Pocket Profiles: Offset Dublin, Aaron Duffy and Lance Wyman

Aaron Duffy

Aaron Duffy is co-founder of SpecialGuest and specialises in communication and visual experimentation. I love learning about anything that deals with communication so I was very excited to see how he combines visual experimentation with communication in an effective way and I was not disappointed. In Duffy’s presentation at OFFSET Dublin in 2019 he talked through several really cool and effective campaigns that he worked on while incorporating 10 confessions around what he struggled with during the projects and what he felt he could improve upon. I thought this was a really brave approach as it was so honest. I think that it is great to hear the success stories but little reminders like Duffy presentation are very important to reflect on now and again particularly in our current culture which is prone to presenting a ‘glossy’ version of life with plenty of Instagram and Facebook posts to back it up.

My favourite campaigns that Duffy spoke about during his presentation were for the Audi Q5 and google. Probably some of his less experimental work however I love their simplicity. For me finding a clever, engaging and simple way to communicate a message visually is genius and probably what I strive for most in my own work. I feel this was achieved in both advertisements.

 

 

In the Audi advertisement see above, the majority of the ad consists of an illustrated man moving around his box canvas shaping and folding the box into a shape of a car to the soft, folk, child-friendly song, Riding in My Car by Woody Guthrie. Finally, the Audi Q5 is revealed and the text that follows playfully reads “We’ve unboxed the box”. Duffy attributes the success of the advert to its contrast to other cool and mechanical Audi ad’s at that time describing the above outcome as warm and playful. It’s also very well paired with the Q5 which is probably one of the brand’s vehicles suited for use as a family car an audience which I feel is particularly well-targeted in the ad.
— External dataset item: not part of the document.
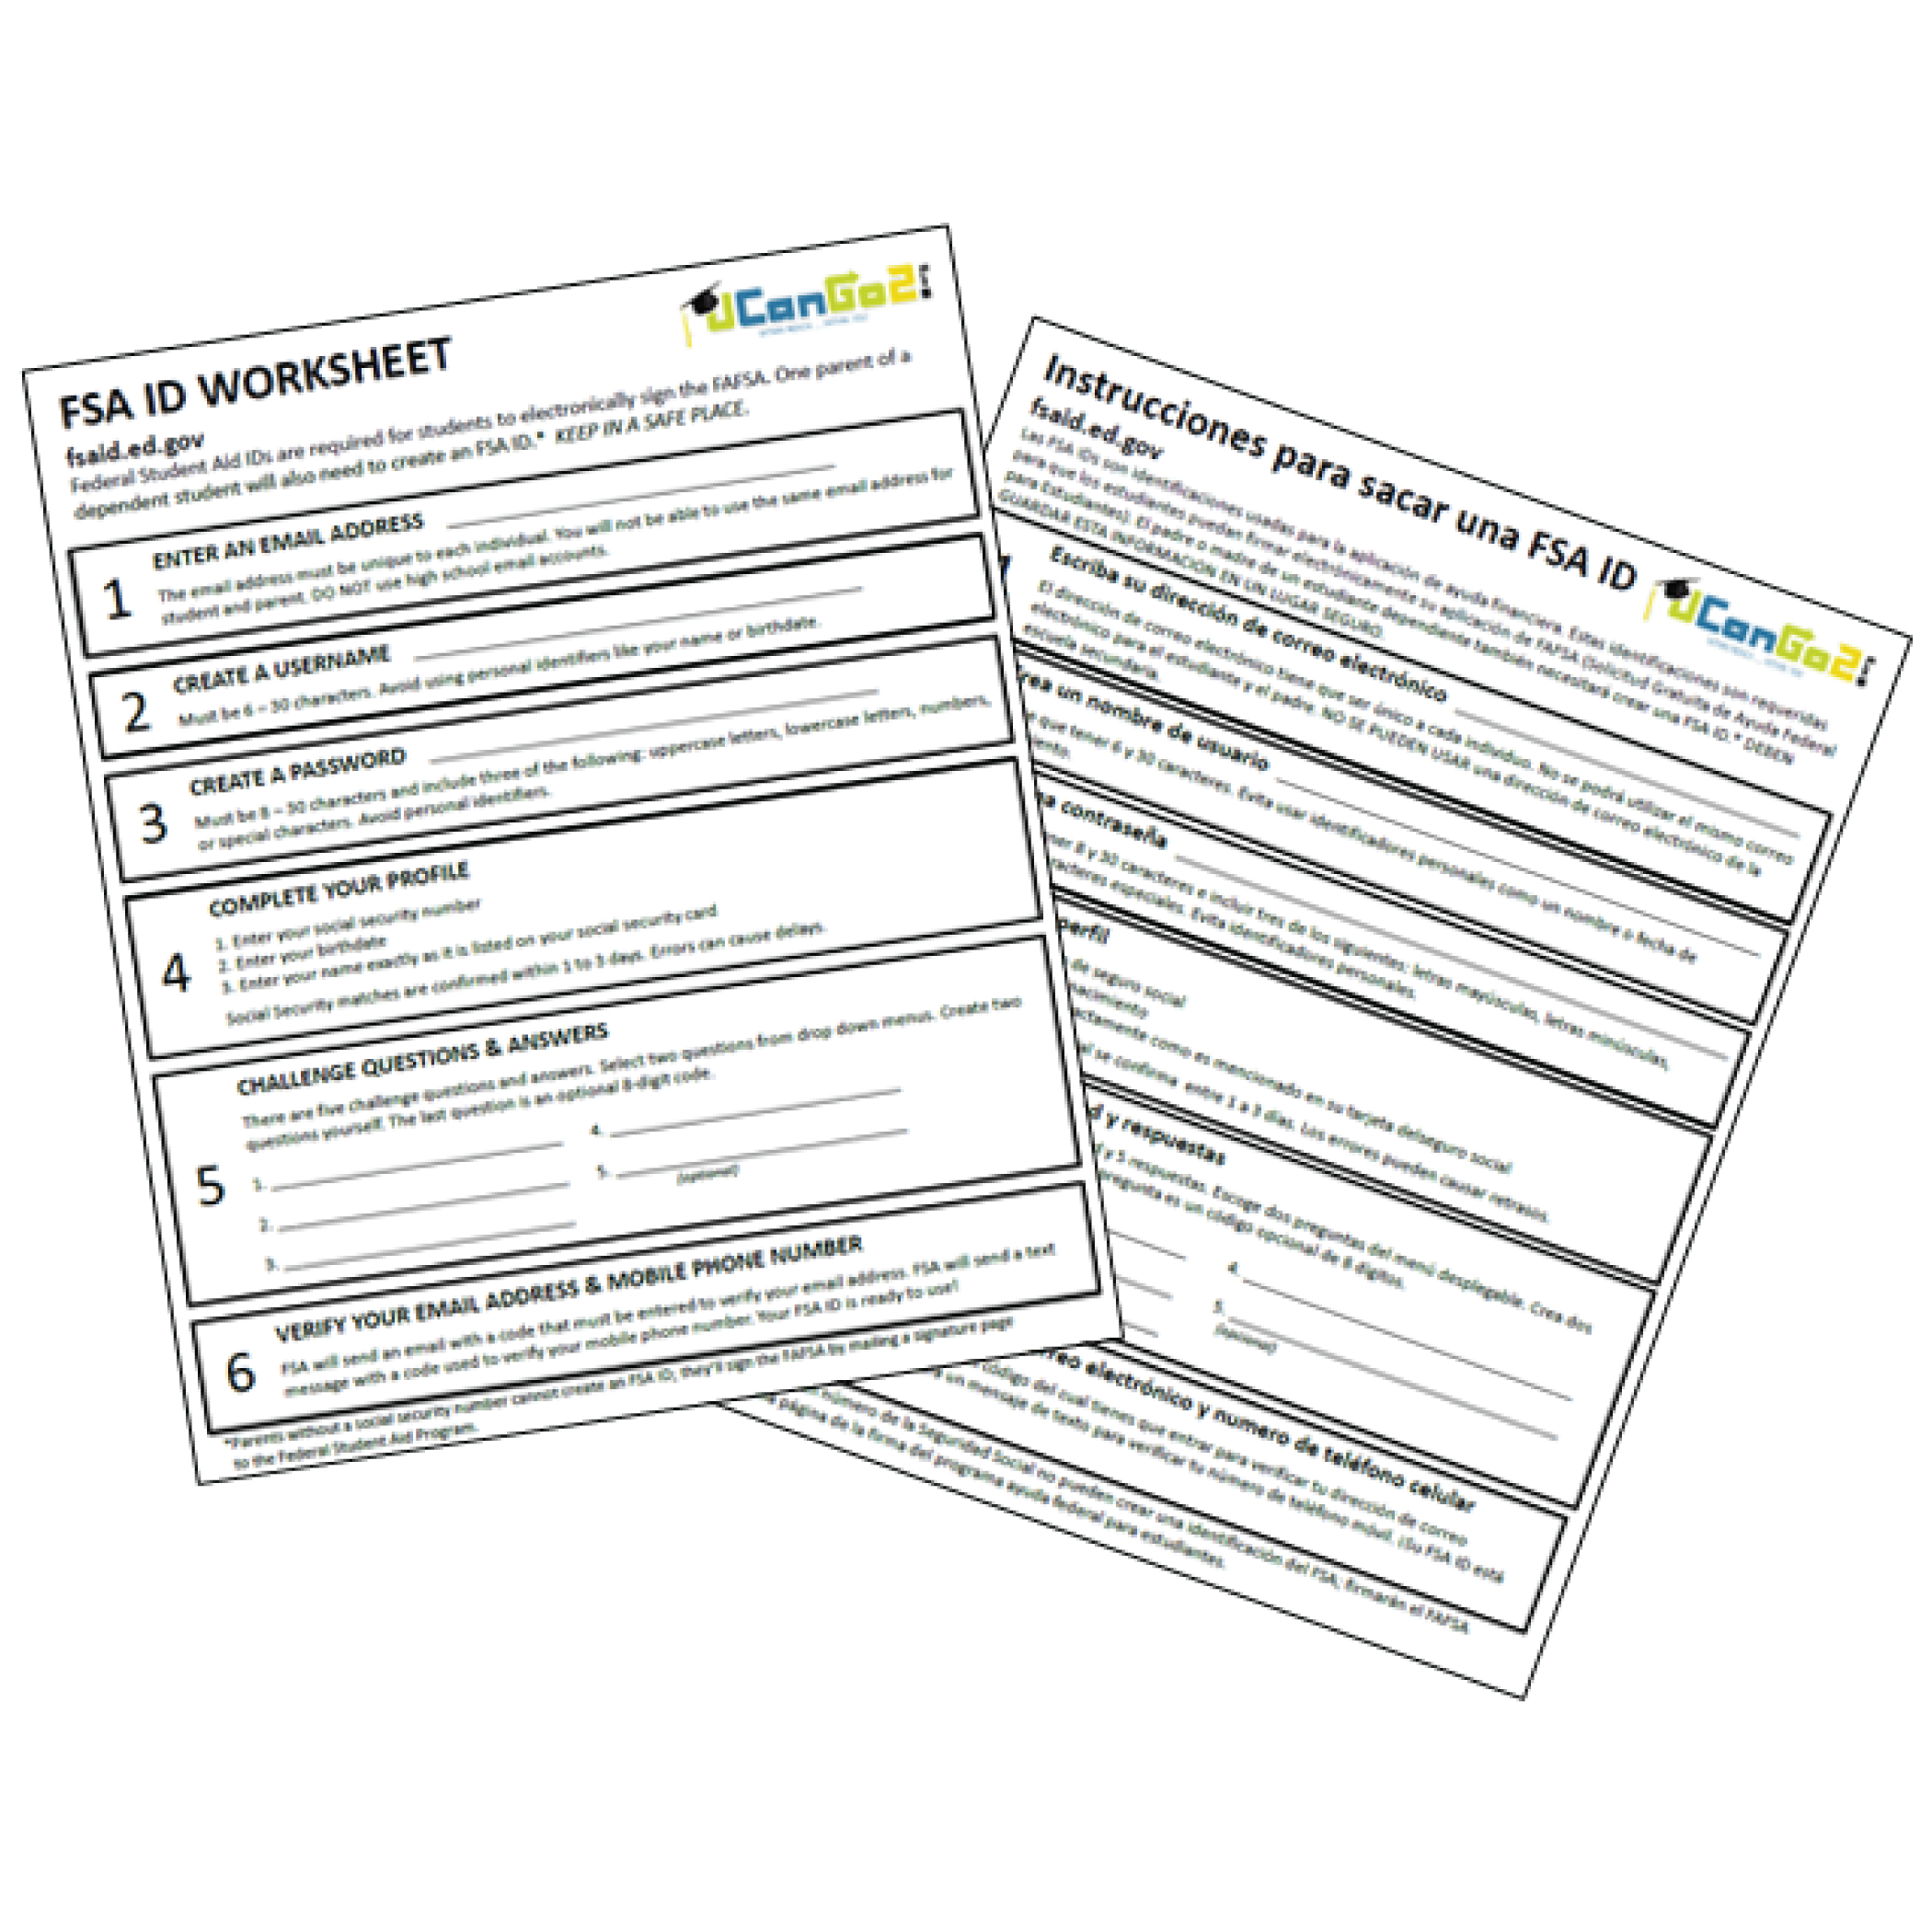 FSA ID Worksheet Image

The Google search ad, Parisian love is really simple and maybe a bit cheesy but I love it. I love the minimalist feel and almost feel that Duffy underplays what he achieved with this ad. It came across as sincere and heartfelt no small feat for an advertisement for a tech a company.

 

 

Duffy describes Parisian love as not one of his favourites and a little soppy however concedes that dues to the ads massive success being used as Google’s first TV ad and even being played at the super bowl that he may not know what is good. I think of all the confessions that Duffy makes this is the one that really hit me the most. It’s difficult to distinguish between good work and what we as designers preserve to be good. I think therefore it’s important to actively seek out work within our field such as Parisian love to figure out what made it so popular and find a way to apply these techniques to our own work particularly if it’s outside our comfort zone. It’s really important to make work you’re proud of and that you love however if no watches it or it doesn’t get the traction it should as Duffy admits to in his Why can’t we get along? advertisement for Rag & Bone, it’s not really fit for purpose so it’s really important to strike that balance, particularly in commercial work.

 

Lance Wyman

Lance Wyman is described as one of the greatest graphic designers of our time. Wyman is an American graphic designer best known for his work on 1968 Summer Olympics and the application of the logo, see Wyman’s original compass sketch below.

Image of Wyman's original compass sketch for the 1968 Olympics

In his Offset interview, Wyman talks about how he became involved in the 65 Olympics through his connection with Eduardo Terrazas who had been called back to Mexico to work with Ramirez Vazquez on the graphics for the Olympics. This got Wyman in the running for the job and he along with a number of designers travelled to Mexico to stay there for 2 weeks and then pitch their design idea. At that point, Wyman speaks about his lack of knowledge around Mexico in relation to design and the culture but describes his excitement around the project. I think this is a really inspirational as I feel that as a designer I can’t quickly fall into worrying about how I’m going to complete a project especially if there are unknown elements. I think pushing on and appreciating the challenge as exciting rather than concerning or frightening is a great way to approach new challenges and learning experiences.

Wyman also discusses how he developed into the role he holds today and the impact of his poorer background which he describes as being more helpful than hindering. Wyman also describes being elected class president and how this helped to develop his speaking skills, skills that are essential to Wyman now.

Below is the poster he made when running for class president which was amusingly presented alongside his most recent political poster design at the time of the Offset interview.

Image of Wyman first and most recent political posters

What I find particularly interesting about Wyman is how he was able to draw inspiration from time spent on fishing boats with his father and in factories and how he was able to find beauty in the notes and compasses helping to define what he describes as his no-nonsense approach to design. I find this particularly evident in his Obama poster shown above the right. The strong reference to repeated line and pattern appears to be a common theme in Wyman’s work which I find to be used very effectively, creating beautifully crafted and intentional outcomes.